TASK
A word-for-word reproduction of the data below is needed, with no pictures in it.

DATA BLOCK
************

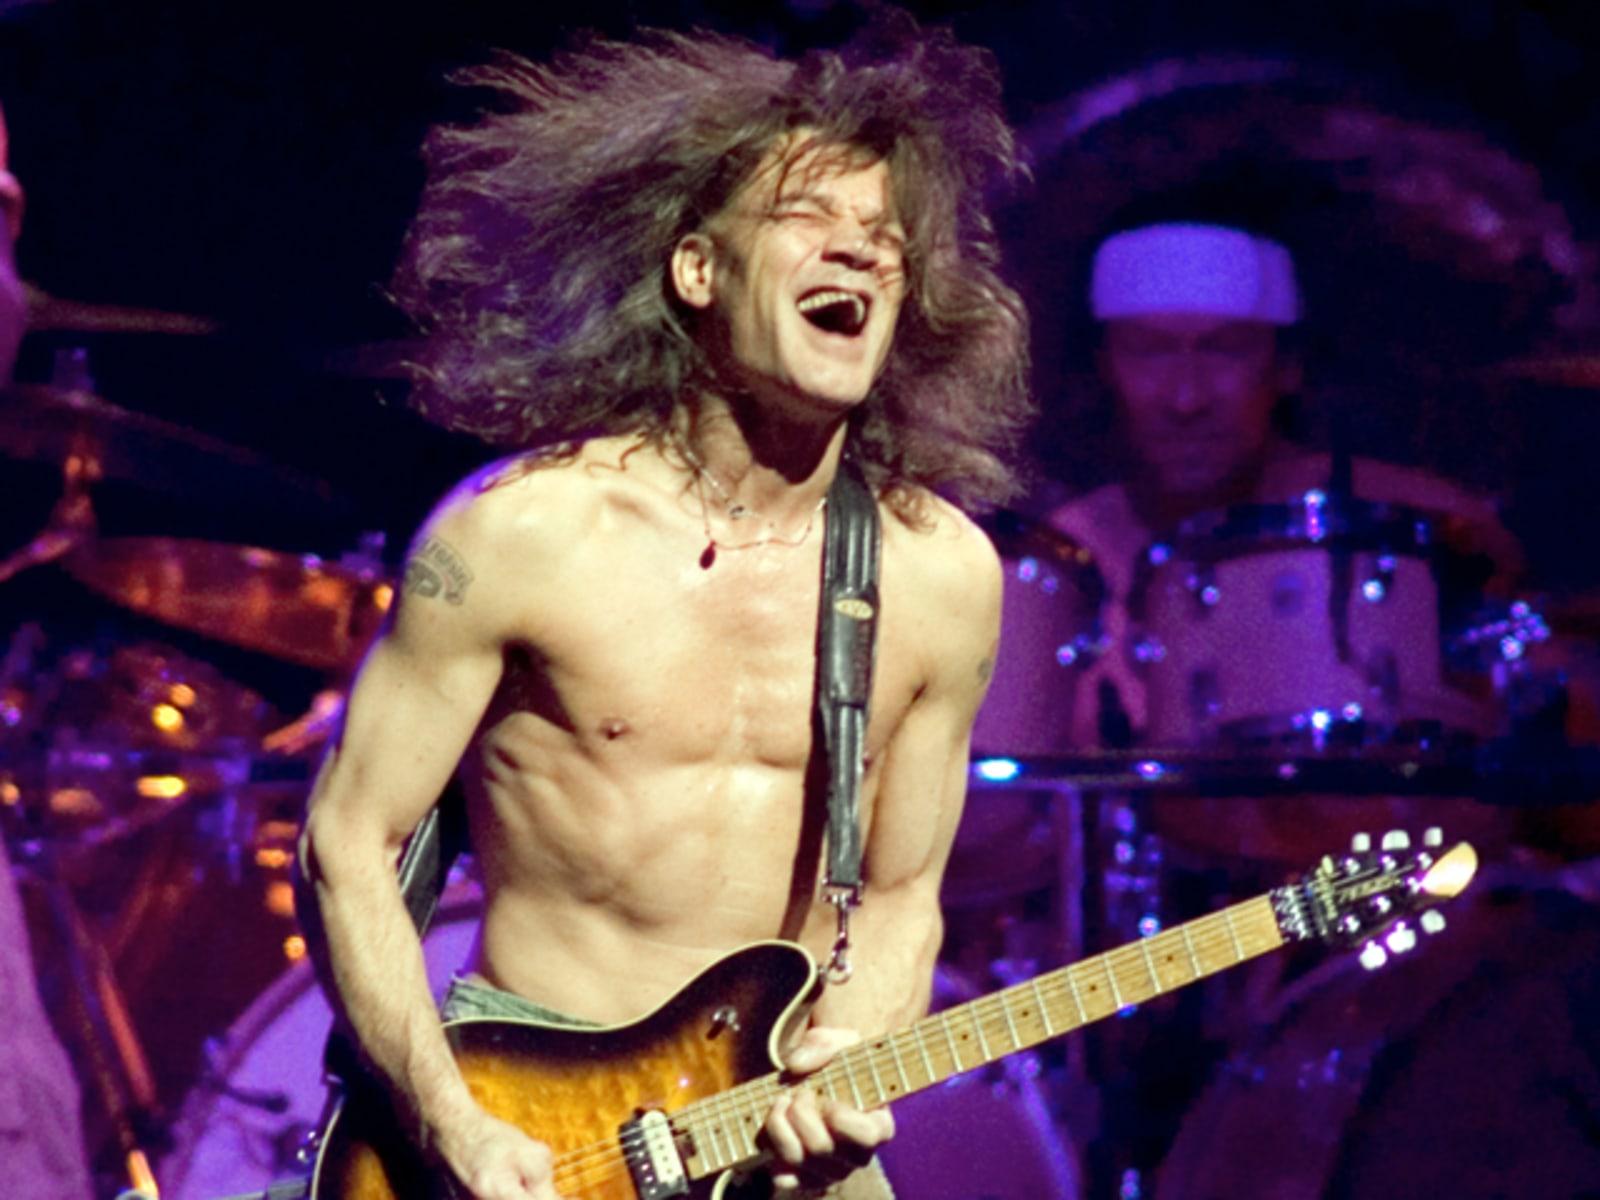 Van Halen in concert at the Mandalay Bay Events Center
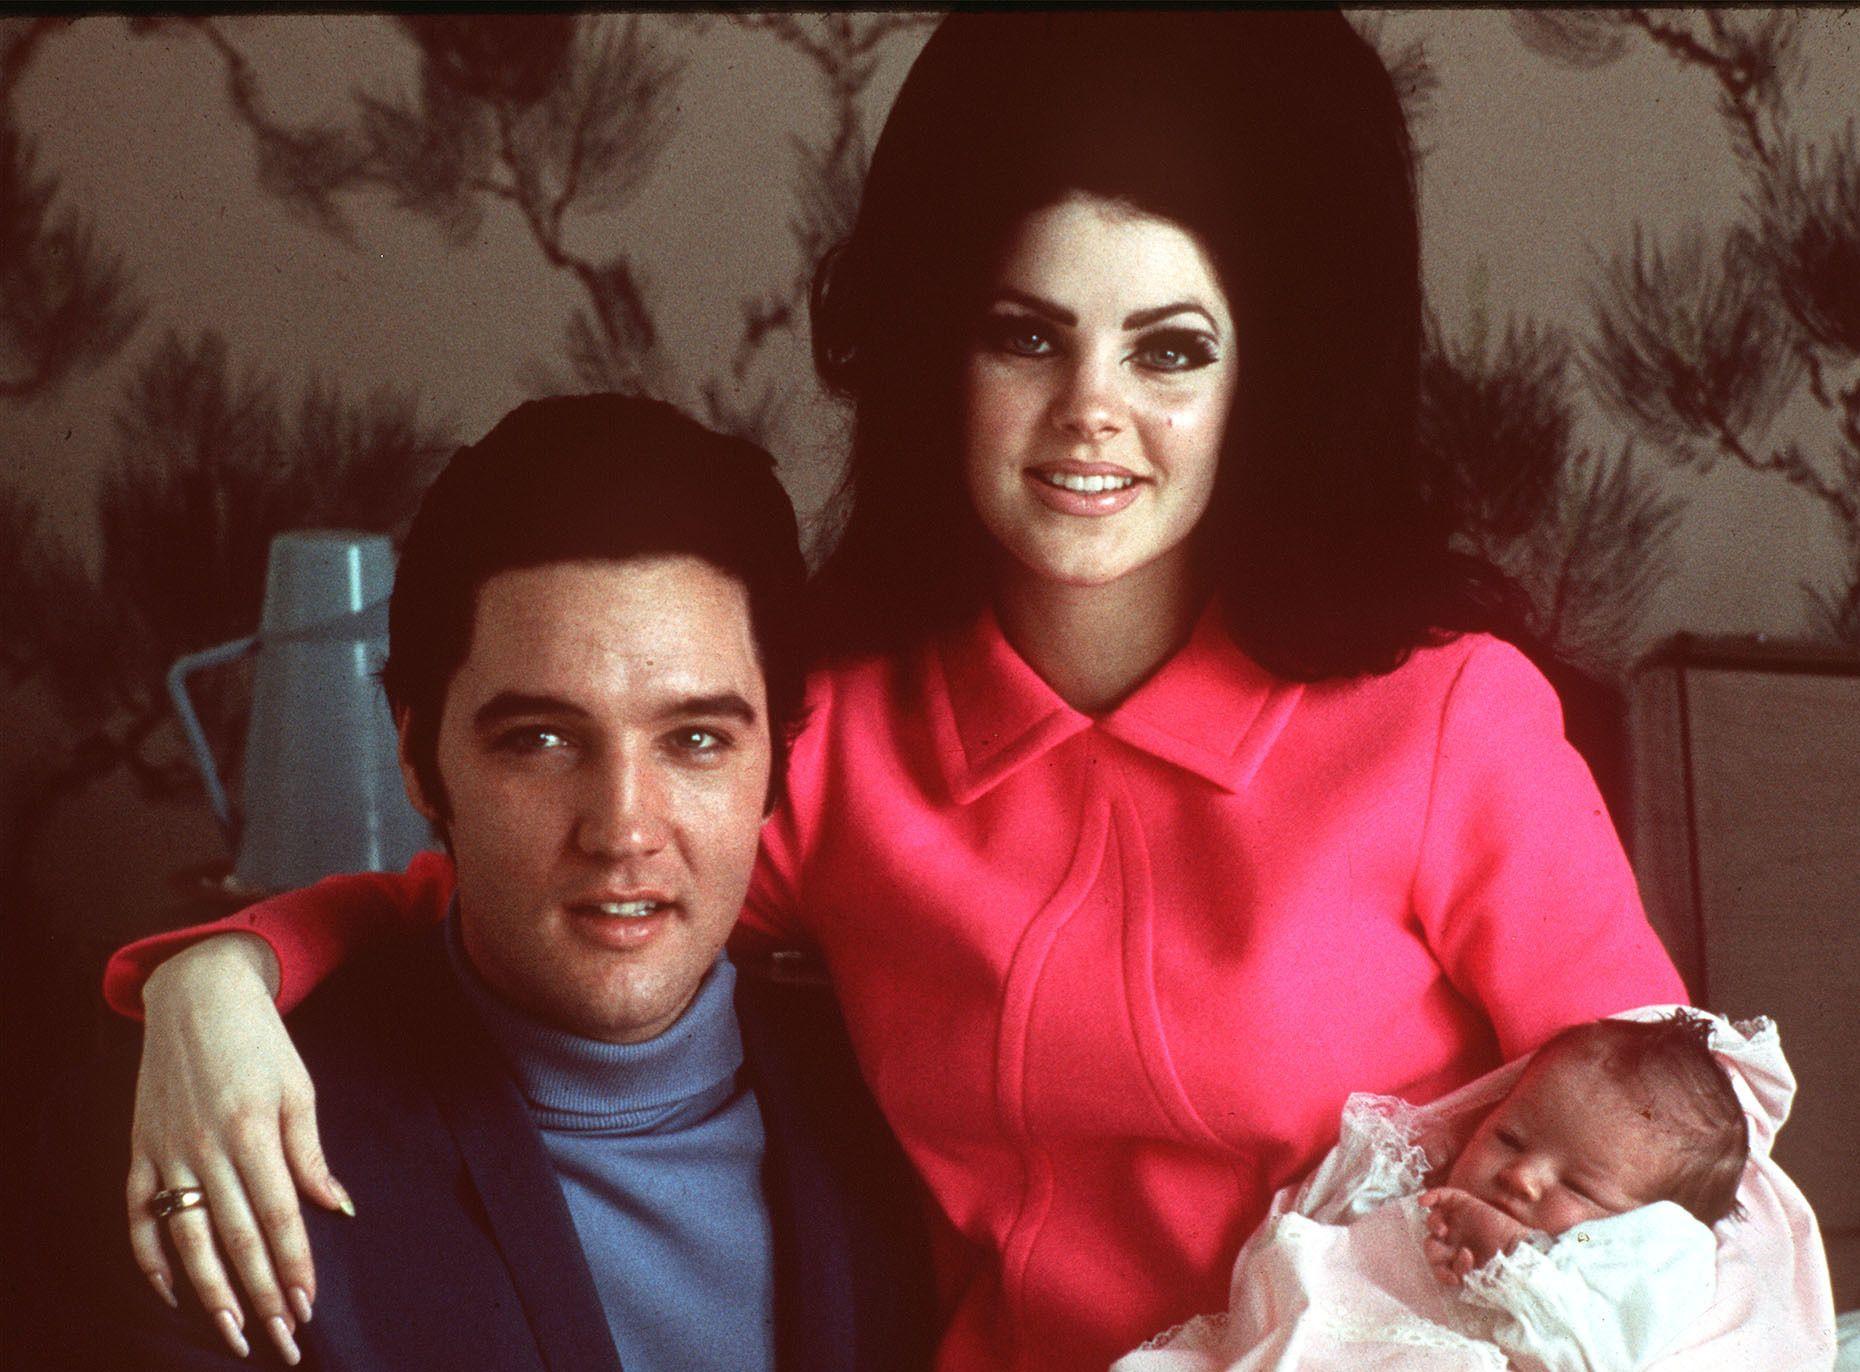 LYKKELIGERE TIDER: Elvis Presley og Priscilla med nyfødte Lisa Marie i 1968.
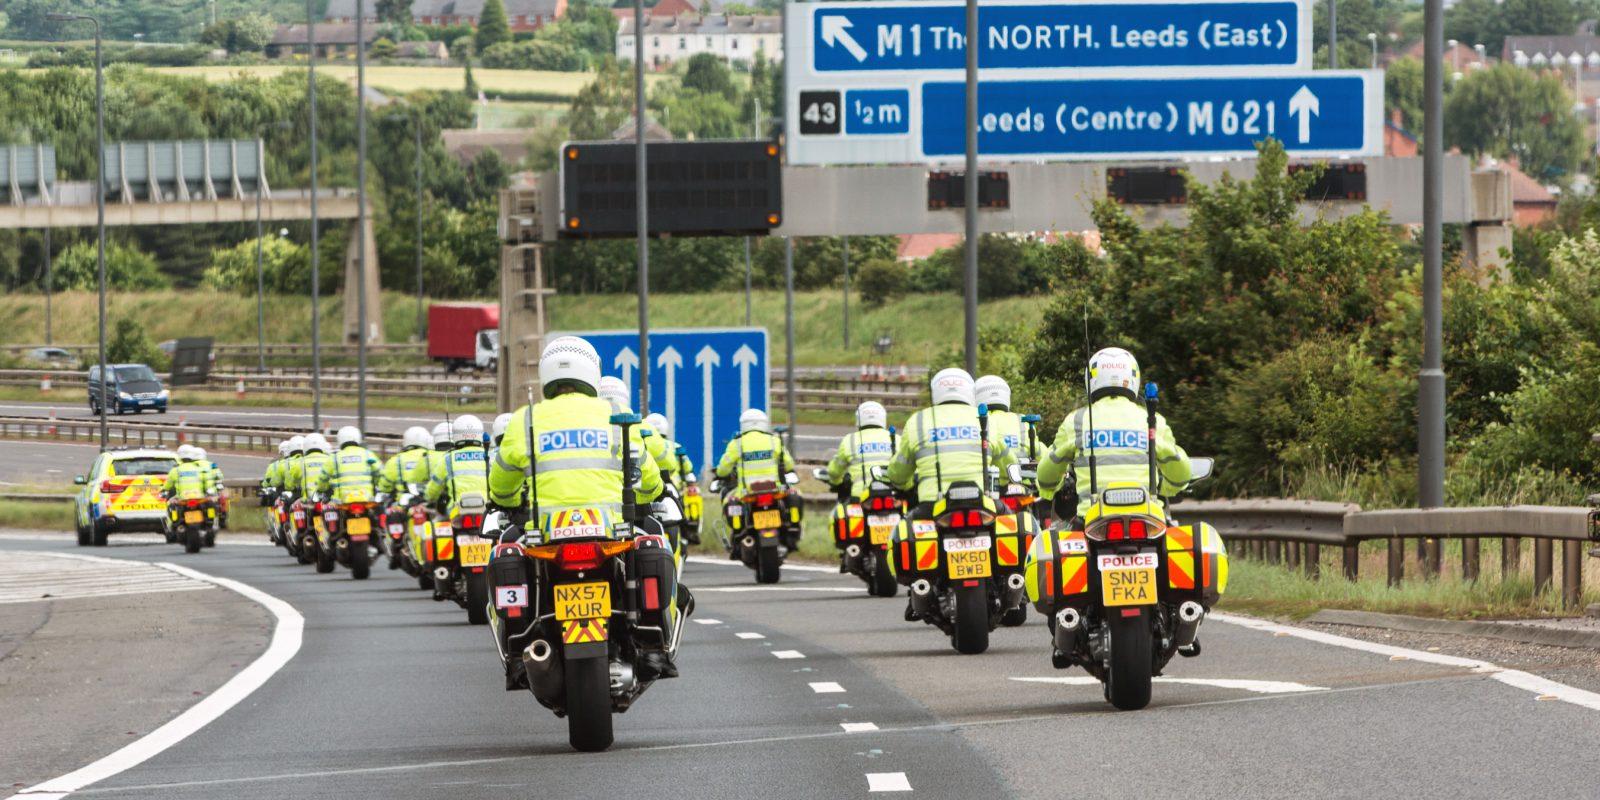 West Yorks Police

************

SOLUTION TO THE EXERCISE
 Van Halen in concert at the Mandalay Bay Events Center
 LYKKELIGERE TIDER: Elvis Presley og Priscilla med nyfødte Lisa Marie i 1968.
 West Yorks Police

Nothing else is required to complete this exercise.